HMM and Part of Speech Tagging
POS
Verbs: VB, VBP, VBZ, VBD, VBG, VBN
base, present-non-3rd, present-3rd, past, -ing, -en
Nouns: NNP, NNPS, NN, NNS
proper/common, singular/plural (singular includes mass + generic)
Adjectives: JJ, JJR, JJS (base, comparative, superlative)
Adverbs: RB, RBR, RBS, RP (base, comparative, superlative, particle)
Pronouns: PRP, PP$ (personal, possessive)
Interogatives: WP, WP$, WDT, WRB (compare to: PRP, PP$, DT, RB)
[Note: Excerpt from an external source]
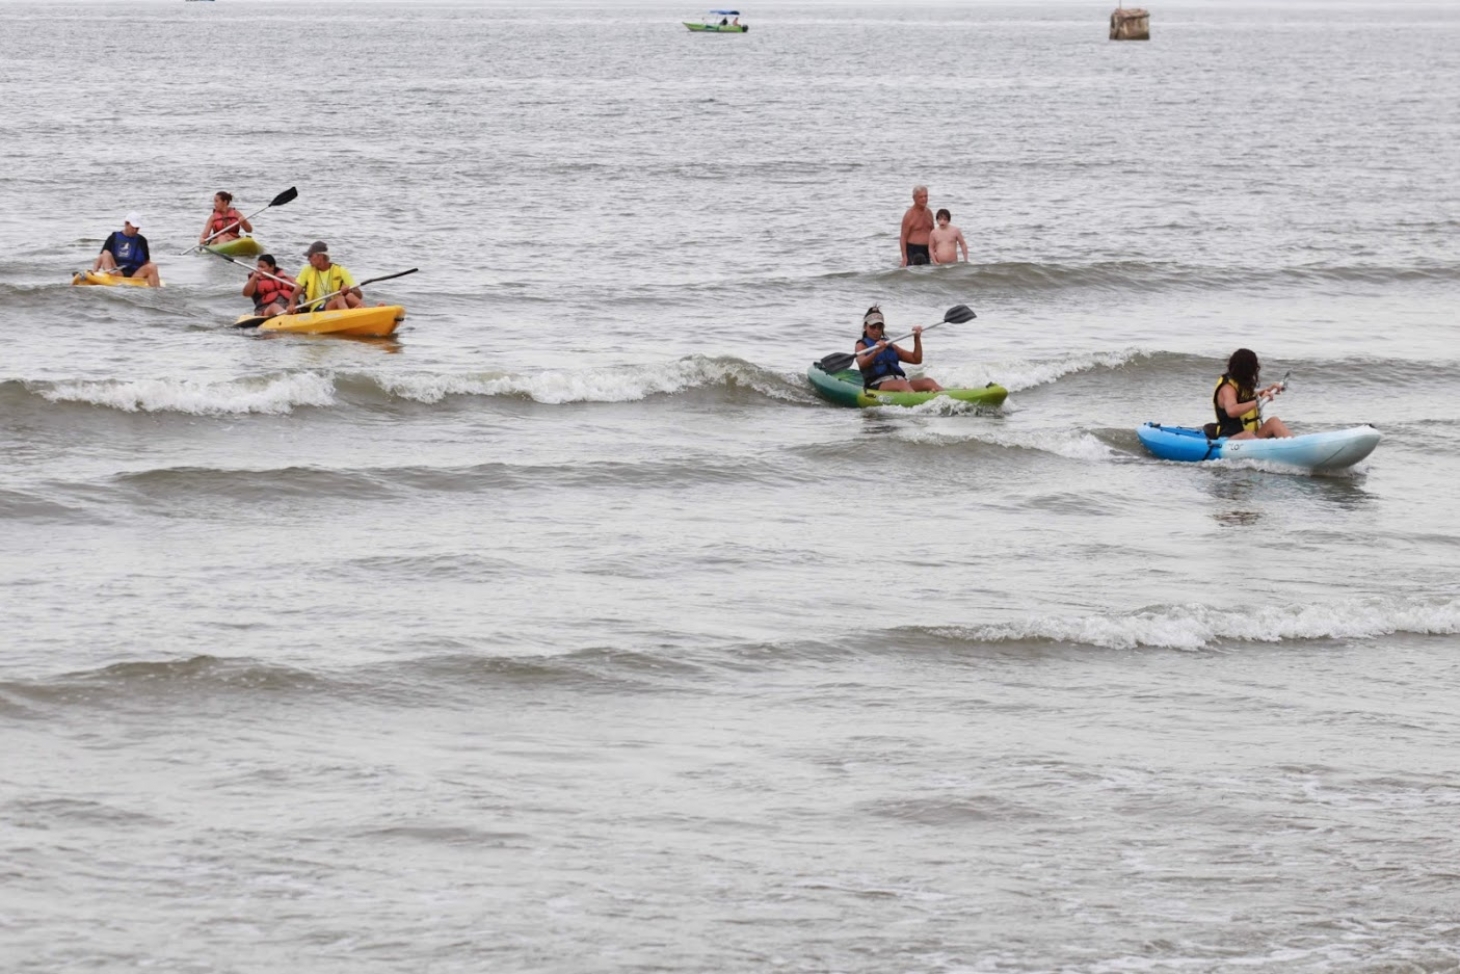 Aulas esportivas nas praias de Santos começam na próxima semana | Jornal da Orla

Other Closed Class: CC, CD, DT, PDT, IN, MD
Punctuation: # $ . , : ( ) “ ” '' ' `
Weird Cases: FW(deja vu), SYM (@), LS (1, 2, a, b), TO (to), POS('s, '), UH (no, OK, well), EX (it/there)
Newer tags: HYPH, PU
Tokenization Rules
Divide at spaces and hyphens
Divide before punctuations that is followed by a space or the end of the line
Break off the following as seperate tokens when followd by a space of end of line:
's, n't, 'd, 'll, 're, etc
Sentence splitting potentially after . ? !
[S]This is this.[S][S]That is that.[S]
Finite State Automata
DFSA
Rules are unambiguous
Less flexible
NDFSA
Rules are ambiguous
Flexible but difficult to implement
Hearst Pattern
Hypernym(X,Y) means that X is a type of Y
HMM
A weighted finite-state automation (WFSA)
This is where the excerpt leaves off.